Following feedback from insurers, the Insurance Regulatory and Development Authority (Irda) is likely to tone down the requirements for mergers and amalgamation as envisaged in the draft guidelines released in February.

According to industry officials, insurers have requested two areas to be revised. One concerns getting permission from local courts for mergers and informing all policy holders whenever any merger is proposed. Also, they are seeking a framework regarding valuation norms. The draft was silent about the latter.

“Insurers want alterations to be made to three areas listed in the draft guidelines. The revised ones will address the same,” said an industry official.

 

The first area they want addressed is the court approval required for mergers. They feel it should not be mandatory.

According to the draft guidelines, the final approval from Irda is subject to clearance from a relevant court or tribunal.

“Under the current guidelines, Irda would not be able to override the court ruling. Hence, it is not ideal. Being the regulator, it should have the complete authority, like in the case of mergers of life insurance companies,” said a senior executive at a private insurance company.

“The Insurance Act, which provides provisions for mergers and acquisition of life insurance companies, gives complete authority to Irda. However, it is silent regarding the issue of mergers of general insurers,” an Irda official added.

Another area insurers are debating is the provision involving sending the merger proposal to all policyholders. Insurers feel it is neither feasible nor desirable to inform all of them whenever any merger proposal comes.
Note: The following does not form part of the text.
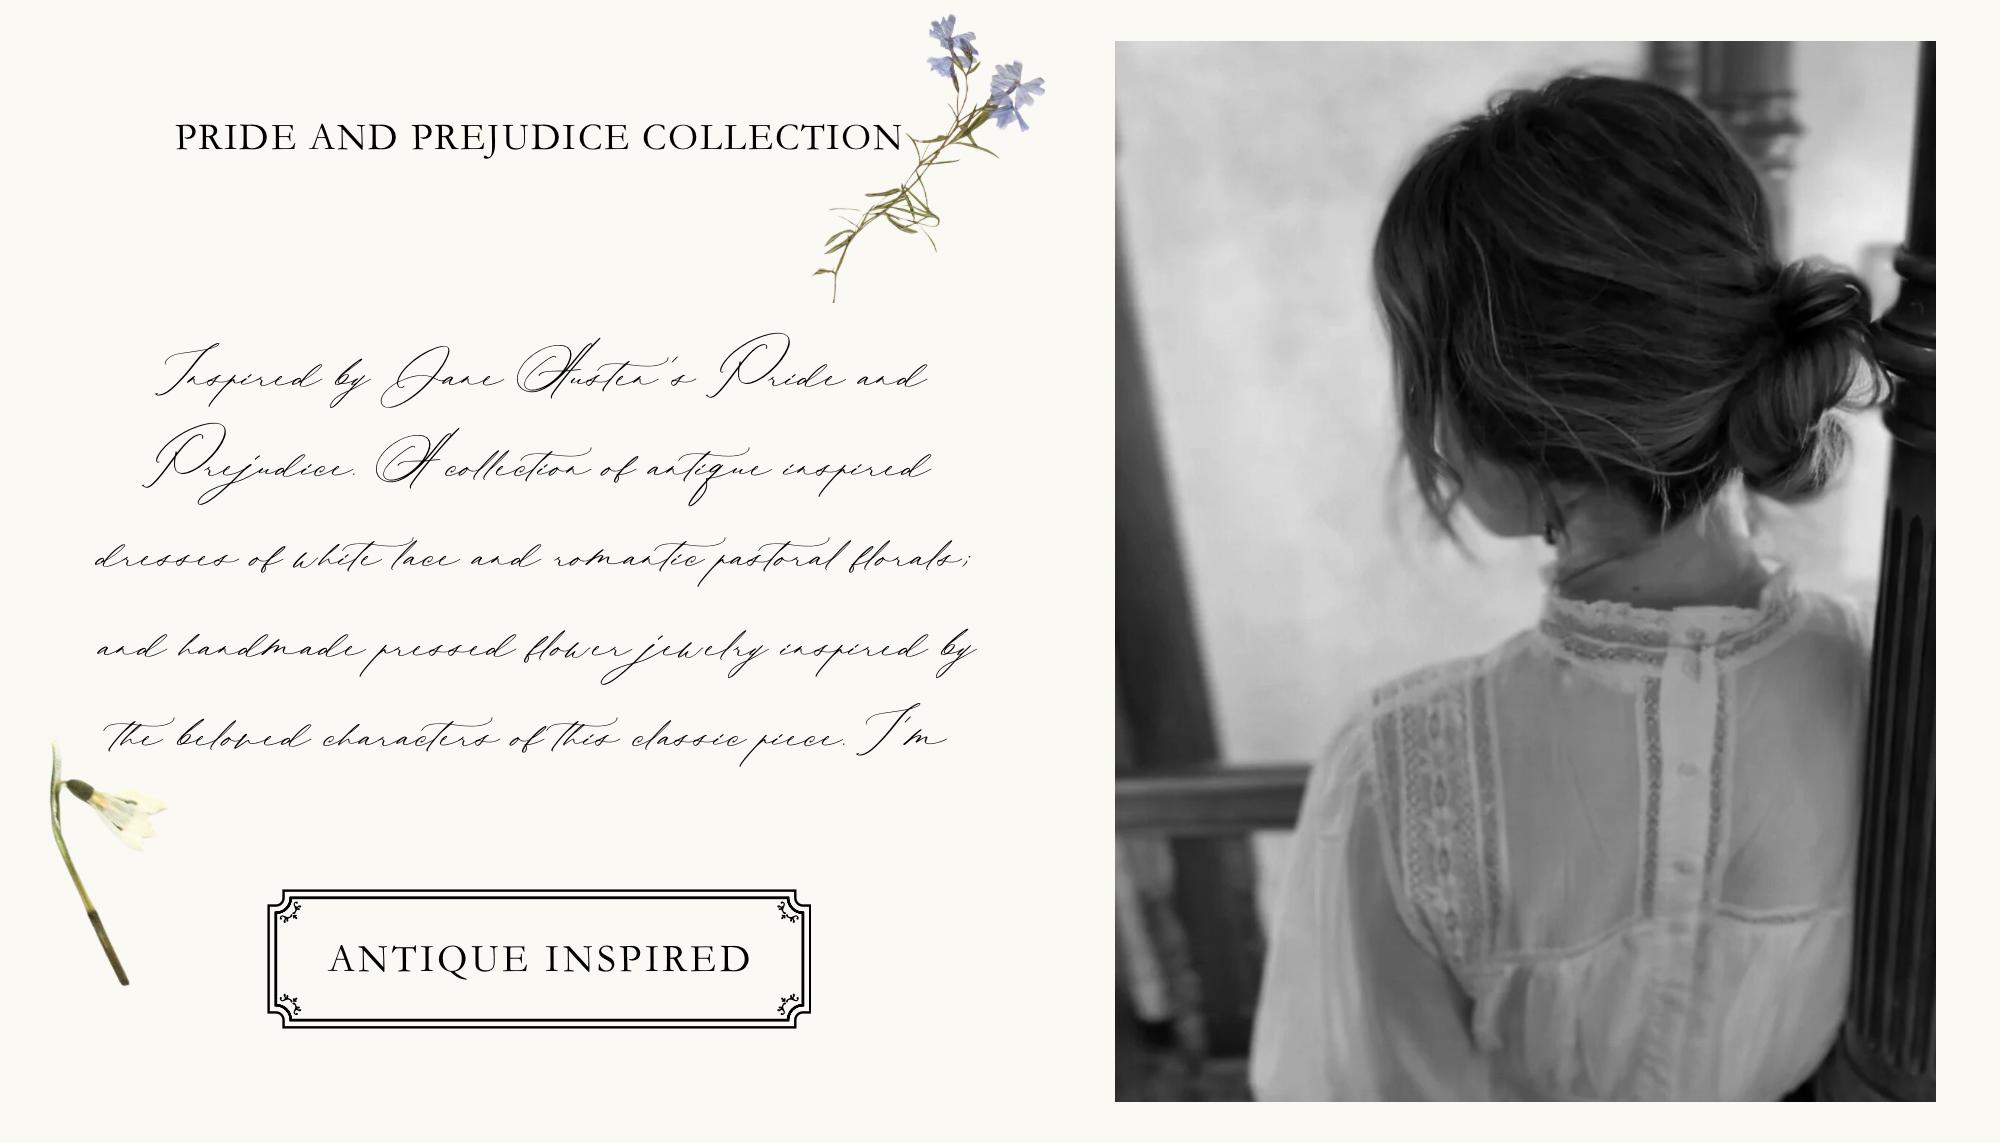 The Pride and Prejudice Collection

“There is no issue in informing policy holders when there is a definitive agreement between two parties regarding the merger. However, informing them at the proposal level is just not feasible or desirable. Apart from the issue of cost, proposals do not necessarily translate into actual deals. The process involves a lot of brainstorming and negotiations,” said an official at a general insurance company.

When contacted, Irda Chairman J Hari Narayan said, “We are evaluating the issues and will shortly come out with the revised guidelines.”

The third area concerns valuations. The draft guidelines simply left it to the insurance companies.

“The draft just says Irda could appoint an independent actuarial consultant to carry out valuation of the insurance business of transacting parties. However, there must be some guidelines regarding the valuation of companies. We made representations through our council and expect to get clarity on these issues in the revised guidelines,” said another official at a private sector general insurance firm.

In February, Irda came out with an exposure draft on mergers and amalgamations of the general insurance companies. The same is expected to spur consolidation in the sector.

According the draft guidelines, along with Irda, the insurers would also require approval from the Reserve Bank of India. In case of a foreign joint venture partner, approval from the Foreign Investment Promotion Board would be needed.

Currently, there are 21 non-life insurance companies operating in the country and most of them have foreign joint venture partners. The Insurance Act caps the sectoral FDI limit at 26 per cent.

Last year, it was reported that Reliance General Insurance, the general insurance arm of Reliance Capital, was in talks to buy a majority stake in rival Royal Sundaram. Both firms have approached Irda and are awaiting approval. The latter is a joint venture between the Sundaram Group and the England-based RSA, which owns 26 per cent in the alliance.